With the increasing deepening of global integration and financial liberalization, the relations among countries, regions and cities are also becoming increasingly closer. The economic crisis or emergency of any economic entity may lead to “domino” effects, affecting neighborhood or economic entities with close trade relations, then resulting in cross-market risk contagion or flight effect, which leads to market fluctuation or influence on the global economy. Especially since the 1980s, global financial crises have erupted unceasingly, such as the debt crisis in Latin America in the 1980s, the financial crisis in Mexico in 1994, the “9/11” event in the United States in 2001, the financial crisis in Argentina in 2002, the American subprime mortgage crisis during 2007–2009 and the European sovereign debt crisis during 2010–2012, all of which caused major fluctuations in global financial markets. Therefore, the study on cross-market effects in financial markets has increasingly practical significance; this also plays a guiding role for investors and policy makers, garnering the focus of numerous scholars. The year 2016 can be described as a year of global “black swan events”. First, Britain conducted public voting regarding breaking away from the EU on June 23, ending with approval. As the first black swan event, this led to significant impacts on the European financial markets and the global financial markets; the stocks of various main economic entities declined in a short period, and the pound and the Euro devaluated, while the U.S. dollar and the Japanese yen appreciated. Trump was selected as the 45th president of the US after a political campaign against Hillary Clinton on November 8; as the second black swan event in that year, it has led to influences on political patterns as well as global economy and diplomacy, and the economic policy advocated by Trump will have great significance on the global economy. Then, Italy conducted public voting for a constitutional amendment on December 4, which failed the next day due to the majority of votes against it. In addition, the prime minister of Italy announced his resignation on the same day; this was the third black swan event of 2016. The euro experienced a sharp decline after the publishing of the result. There may be huge trouble for the stability of the Euro financial system, and Italy is considered to exhibit the trend of breaking away from the EU.

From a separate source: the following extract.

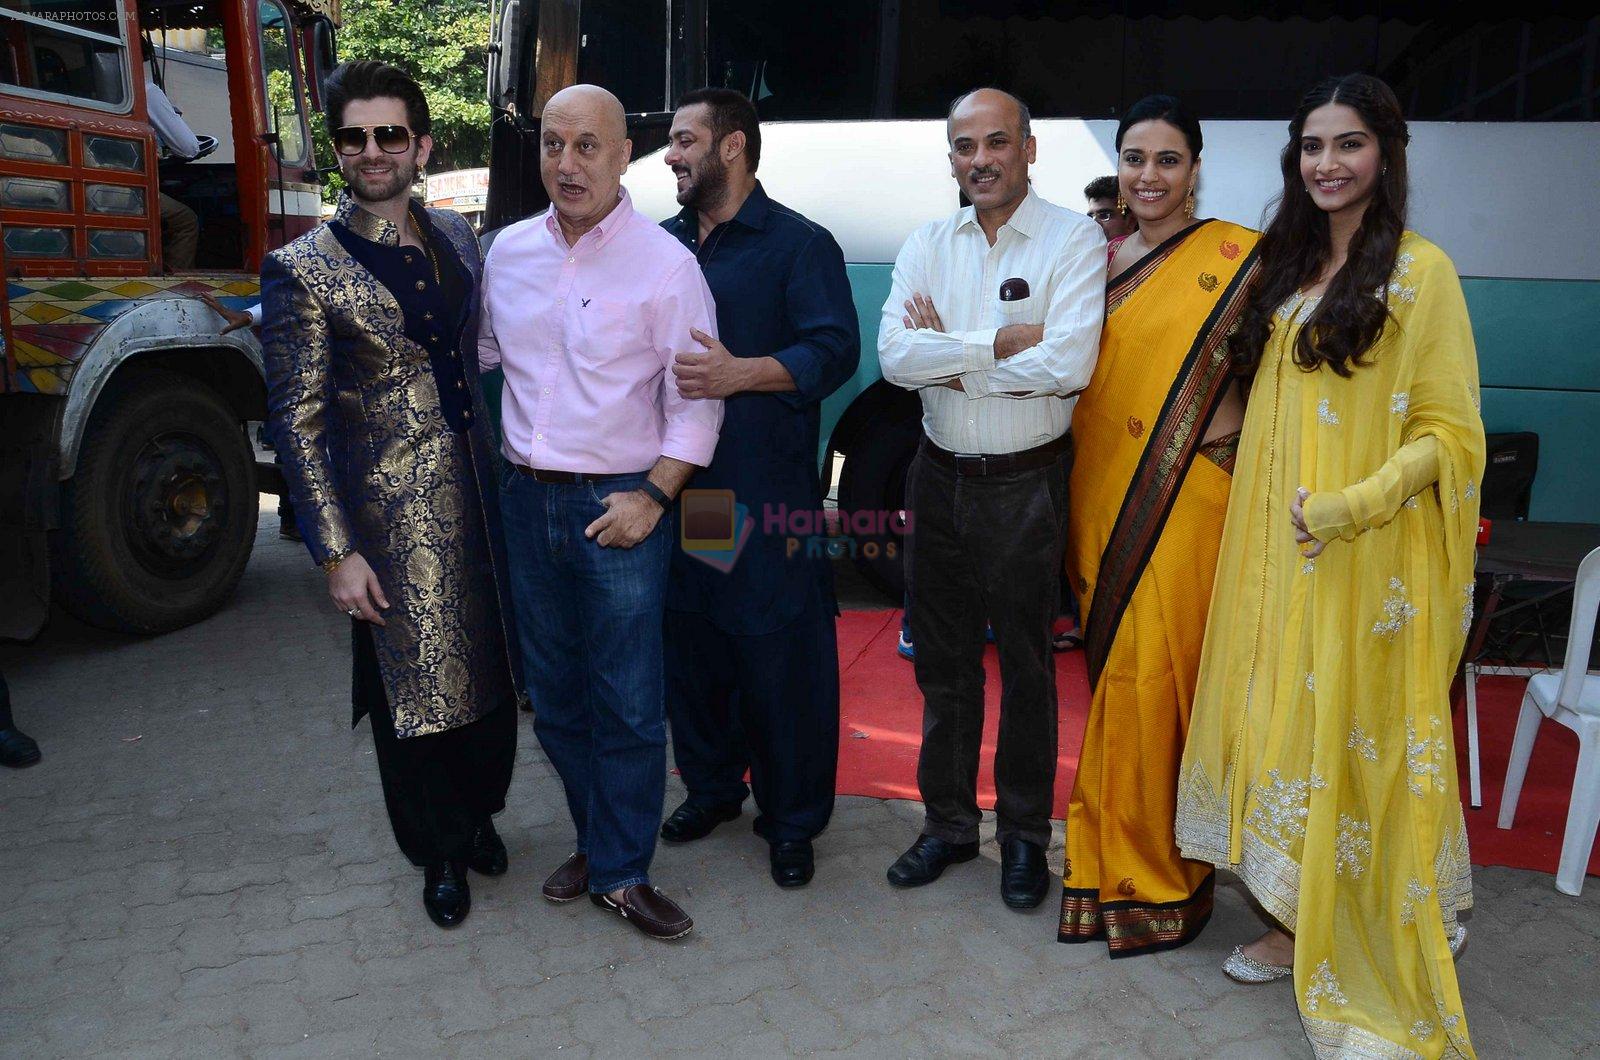 Neil Mukesh, Anupam Kher, Salman Khan, Sooraj Barjatya, Swara Bhaskar, Sonam Kapoor at prem ratan dhan payo dharavi Band on 11th Nov 2015

We used the first black swan event, the British referendum of leaving the EU (Hereafter, Brexit) of 2016, as the background. We also utilize the research on the cross-market effects on the stocks and the bonds by Baur and Lucey through the utilization of the traditional GARCH model [6]. In this paper, by incorporating information theory, we construct the improved GARCH model based on the time-varying symbolic transfer entropy to conduct research on the cross-market risk contagion and flights in the stocks and bonds of 9 major global economies caused by Brexit. At the same time, we also conduct research on the simultaneity of the cross-market effects among various economies by using the panel GARCH model based on time-varying symbolic transfer entropy.

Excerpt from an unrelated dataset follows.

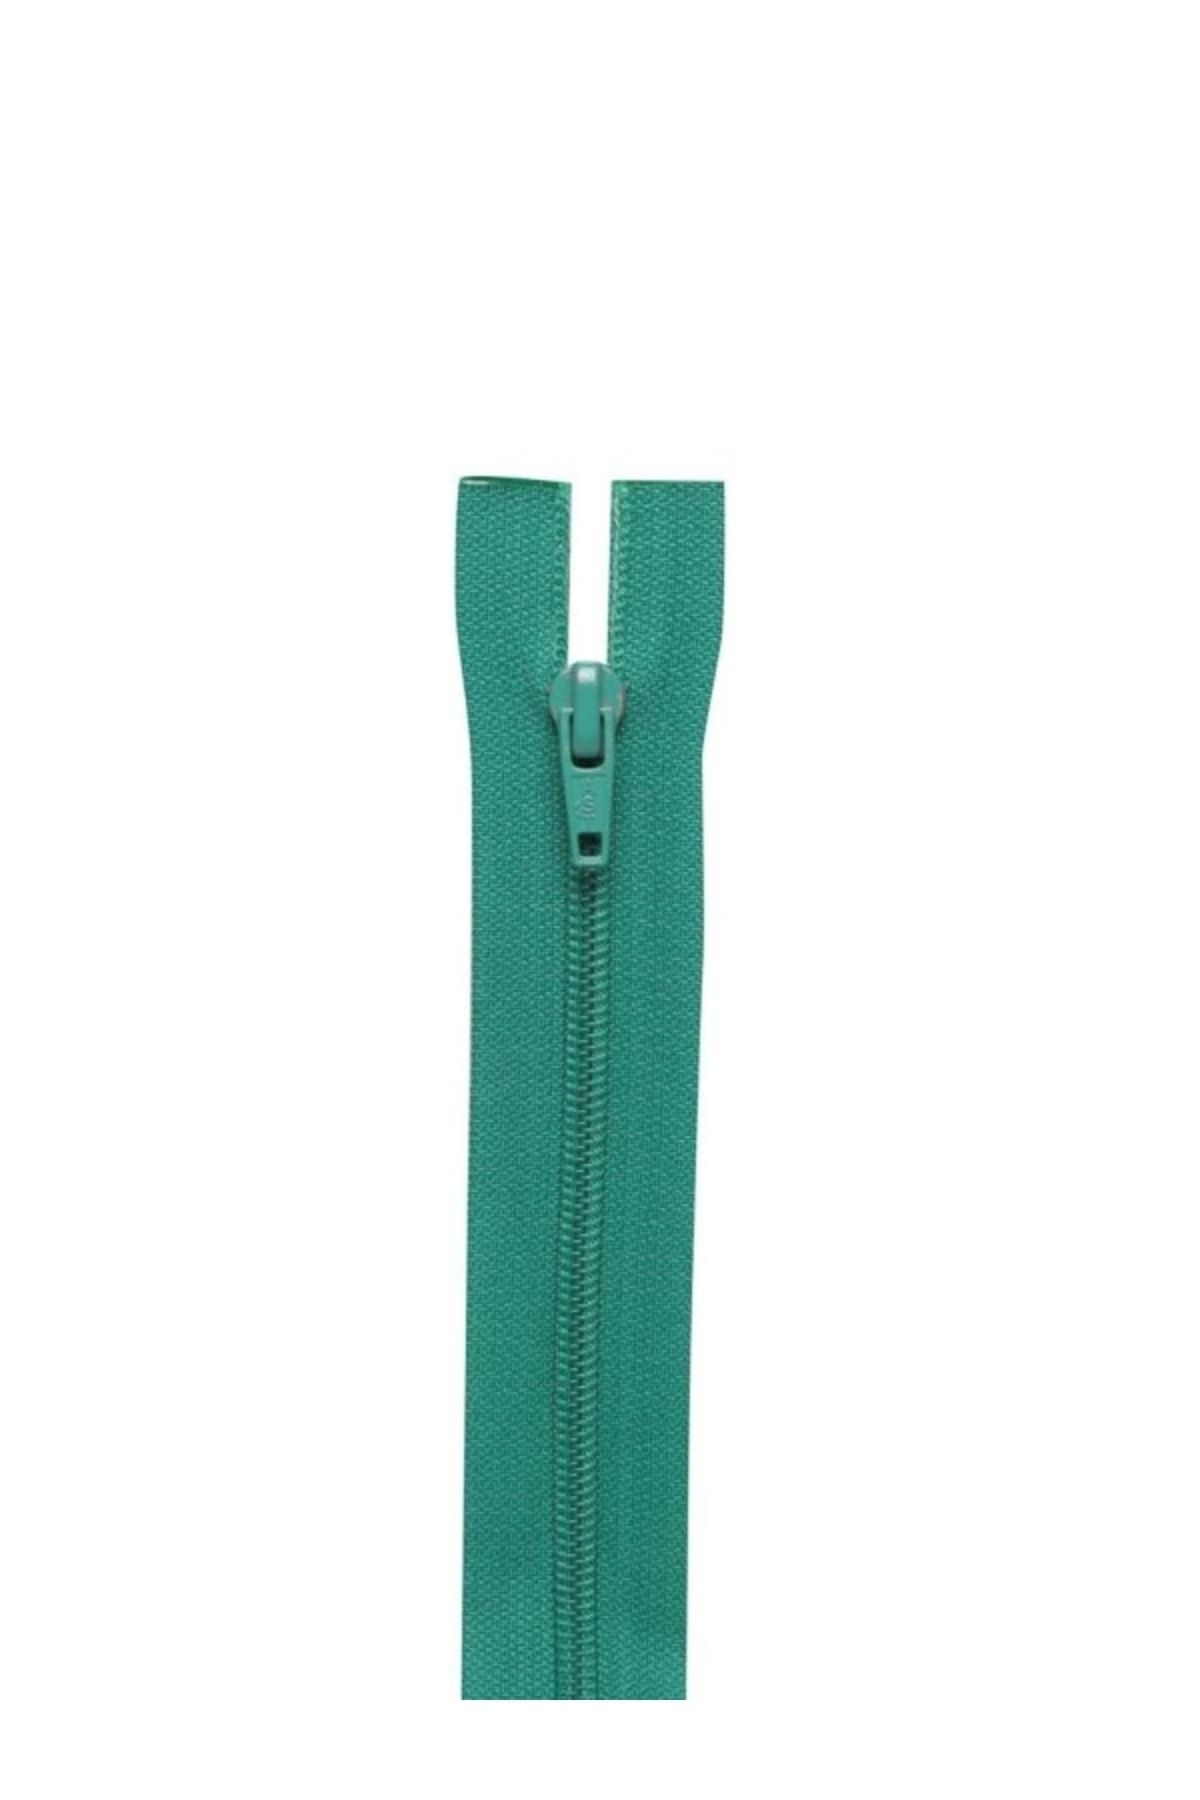 Simisso Eşofman Fermuarı 60 cm | Açık Yeşil

Theory analysis and modeling

2.1 Definition

Generally, the cross-market effect is regarded as the cross-market flight phenomenon and the cross-market risk contagion phenomenon caused by financial risk.

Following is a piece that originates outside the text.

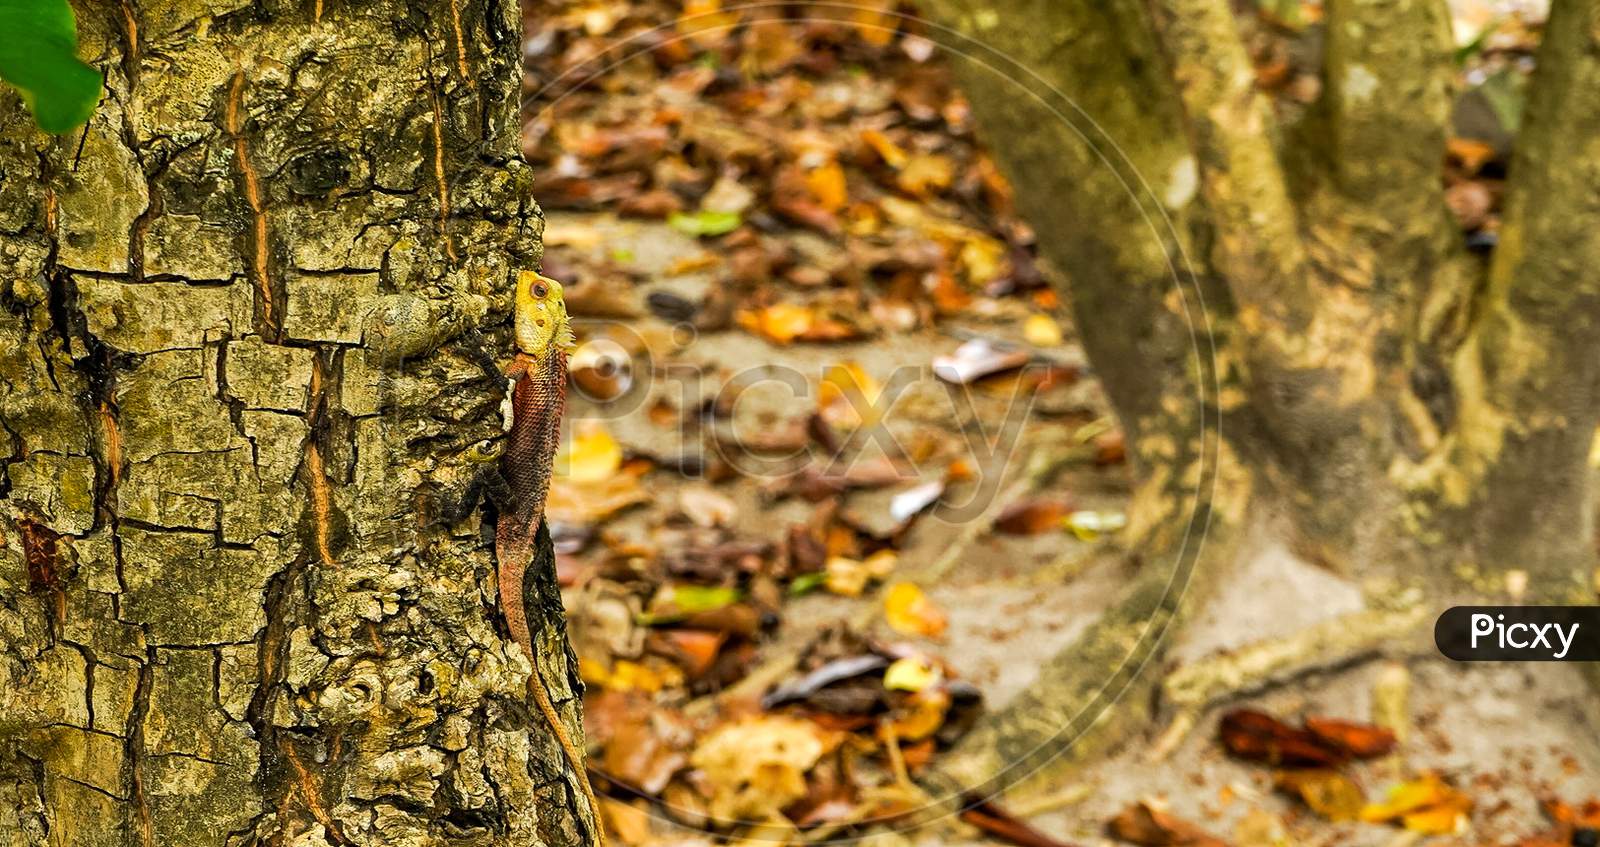 Lizard in the tree in Maldives

The financial risks spread among different financial sub-markets, such as between stocks and bonds or between the foreign exchange markets and stocks, etc. The cross-market risk contagion is generally defined as the phenomenon of the significant positive increase in the correlation between financial markets during economic crisis periods compared to that of non-crisis period [6,810]. That is, when the degree of co-movement in the same direction between different markets is increased, it is considered that the cross-market risk contagion phenomenon occurs between the two markets. For example, the correlation changes from the negative before a crisis to the positive during a crisis, or there is a positive increase in the correlation during a crisis compared to the positive correlation before a crisis. However, if the positive increase only exists, the correlation between two markets remains negative; thus, it is not the risk contagion phenomenon. For example, the correlation changes from -0.8 to -0.3; although there is a positive increase of 0.5, it cannot be considered that contagion occurs, as the two markets continue to move in different directions.

Conversely, the investors would flee from one market into others if there exist sub-financial markets whose prices are increasing while other markets are negatively impacted by crises. The corresponding flight is often defined as the phenomenon of significant negative decrease in correlations between markets in crisis periods than that in non-crisis period [6,810]. That is, when flight occurs, the co-movement degree in the same direction between markets must decrease. Between the stocks and bonds, flight-to-quality from stocks to bonds and flight-from-quality from bonds to stocks are included. The flight contains two situations of the change to negative correlation in crisis from positive correlation before crisis and the more significant negative correlation in crisis period from negative correlation before crisis. Similar to the definition of contagion, it is not flight if the correlation coefficient remains positive although there is a negative change in two markets, such as the situation of decreasing from 0.7 to 0.2. We can call it flight only when simultaneously satisfying both conditions of a negative decrease and a negative final correlation coefficient. Additionally, both flight-to-quality and flight-from-quality own the common characteristic of significant decrease in correlation coefficients between stocks and the bonds; however, the difference is flight-to-quality occurs when the stock market falls or the bond market rises, and flight-from-quality occurs when the bond market falls or the stock market rises.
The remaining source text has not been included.